If you have a broken leg everyone can see your problem, but not with headaches. It really frustrated me that no results came of the tests that were undertaken, such as MRT, or from the doctors, because you tend to think lots of thoughts about what it could be, and then it hit me that they must be thinking I was just imagining the pain. Their reaction to it was either helplessness or they prescribed me various pills thinking they would have to help me. Finally the pills didn’t work anymore because my body had already gotten used to them. I never told my teachers at school that I constantly had headaches because they just think it’s just a lazy excuse. When I was in hospital the first time for my headaches, many people changed their mind about my headaches and noticed that I wasn’t making them up or malingering. But I also didn’t tell my friends because then the reaction would often be that it’s not necessary to go into hospital because of headaches.

When a year and a half to two years later I was instructed to go to the pain clinic I had some doubts because we don’t exactly live close to Datteln and I would be away from school/work for three weeks at a time and was afraid of not making friends. When I first saw the ward I was surprised because it doesn’t look like a normal hospital. The rooms haven’t got hospital beds, the children and adolescents on the ward eat together and many programs are offered so that nobody can get bored. When I arrived there I quickly made friends with the other kids. You can arrange your room and your bed as you wish so that you don’t get the feeling of being in a hospital.

In Datteln I was shown many possible ways to help myself with my pain. At first it was unusual for me and also hard to use all the possible therapy methods because it also takes a certain amount of time until the exercises are learned and then help. A bit of patience and determination was necessary. Especially during pain attacks it was at first very hard for me to distract myself with other things and not think of my pain. Practicing the exercises often during the three weeks enabled me to learn them well. The pain attacks that I had several times a week before the pain therapy occurred only once during the three weeks. When I went home again I was afraid I wouldn’t be able to manage without the support of those in the hospital, but in the end these exercises were my only hope of getting control of my pain because I had already tried everything else. So at home and with the support of my parents I continued independently with the exercises that I had learned in the hospital. And it worked well at home. For sure, the headaches weren’t yet completely gone, but in any case it was much better than it had been before. I only had my pain attacks occasionally and in general the pain had moved into the background. I soon knew the exercise that I had been taught there by heart and could practice it on my own often during the day without writing anything down.

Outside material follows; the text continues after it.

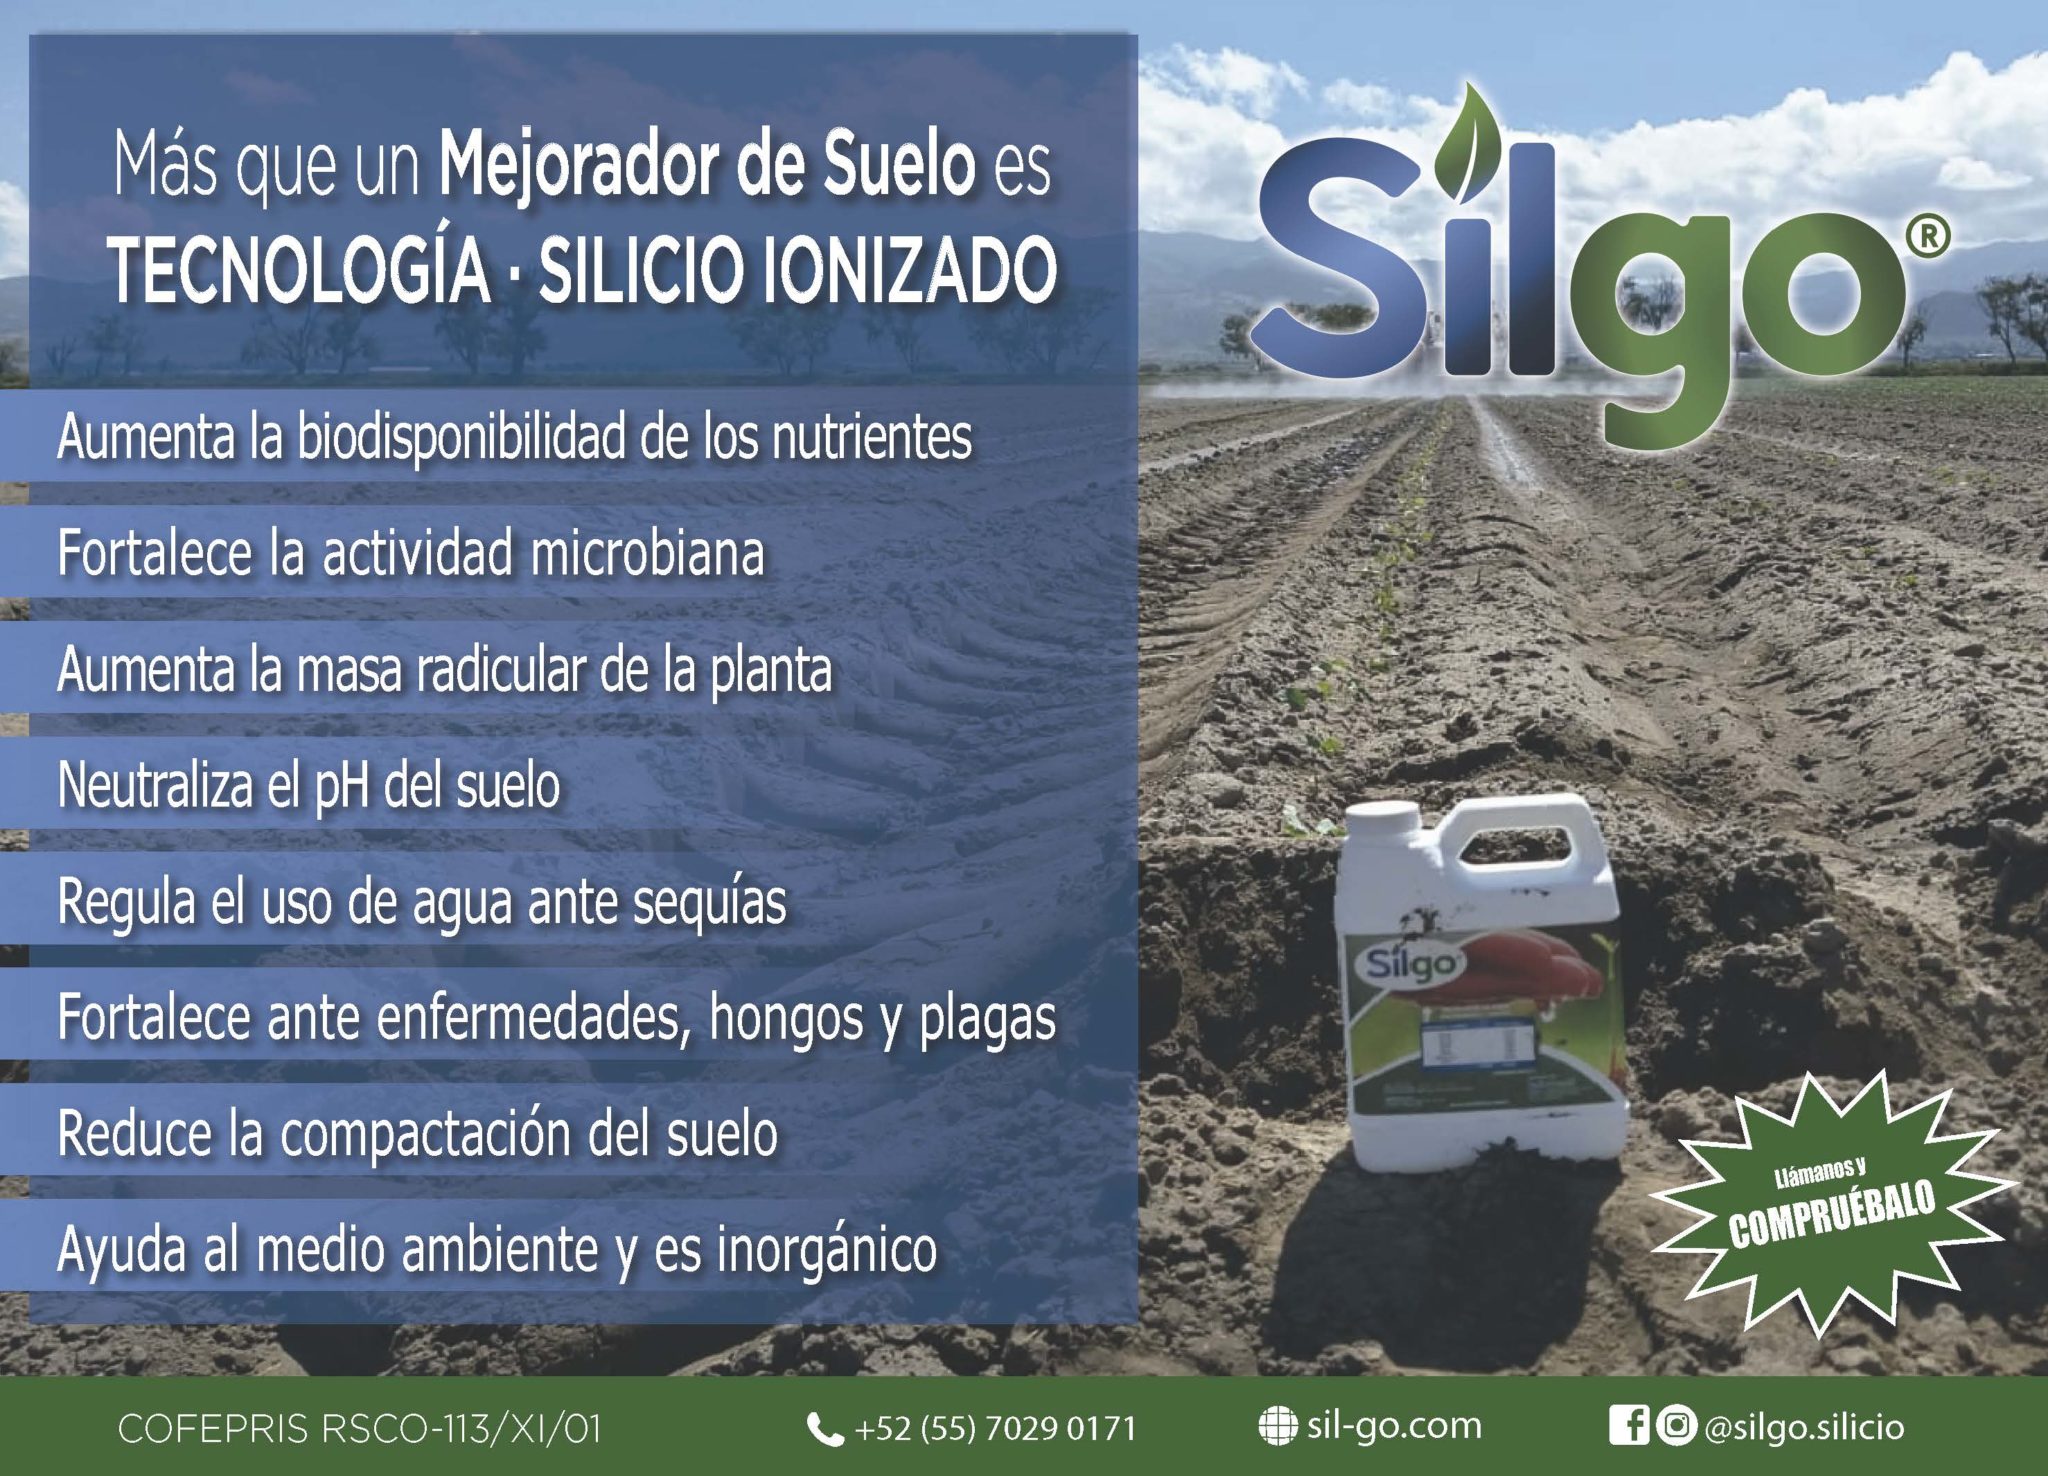 Conductividad Eléctrica Y Salinidad En Suelos Agrícolas Revista Infoagro México 8938

Thanks to a lot of practice, I’ve got my pain very well under control. I hardly ever have the pain attacks anymore, and also the pain has in general become very weak. On some days I notice it more, for sure, but thanks to all the practice it has sorted itself out automatically with me, so that I don’t think of the headaches anymore and distract myself automatically. This has made it possible for me to avoid taking a pill immediately when I have pain. For this reason I would recommend this therapy to anyone who suffers from chronic pain.

At first the exercises weren’t too productive because I wasn’t used to them. The frequent practice has made the distraction function automatically. The exercises helped me the most. Besides, doing sports regularly is very important because you are the most distracted then. Leisure activities, such as doing something with friends, also helped me to forget about my pain and to be free of pain at least a certain amount of time.

Since the therapy and after work at home I can now concentrate much better on my Abitur studies without constant headaches; I’m no longer so distracted and tired. The therapy improved my mood in general a lot, since the constant headaches and stress in school and work had made me very moody.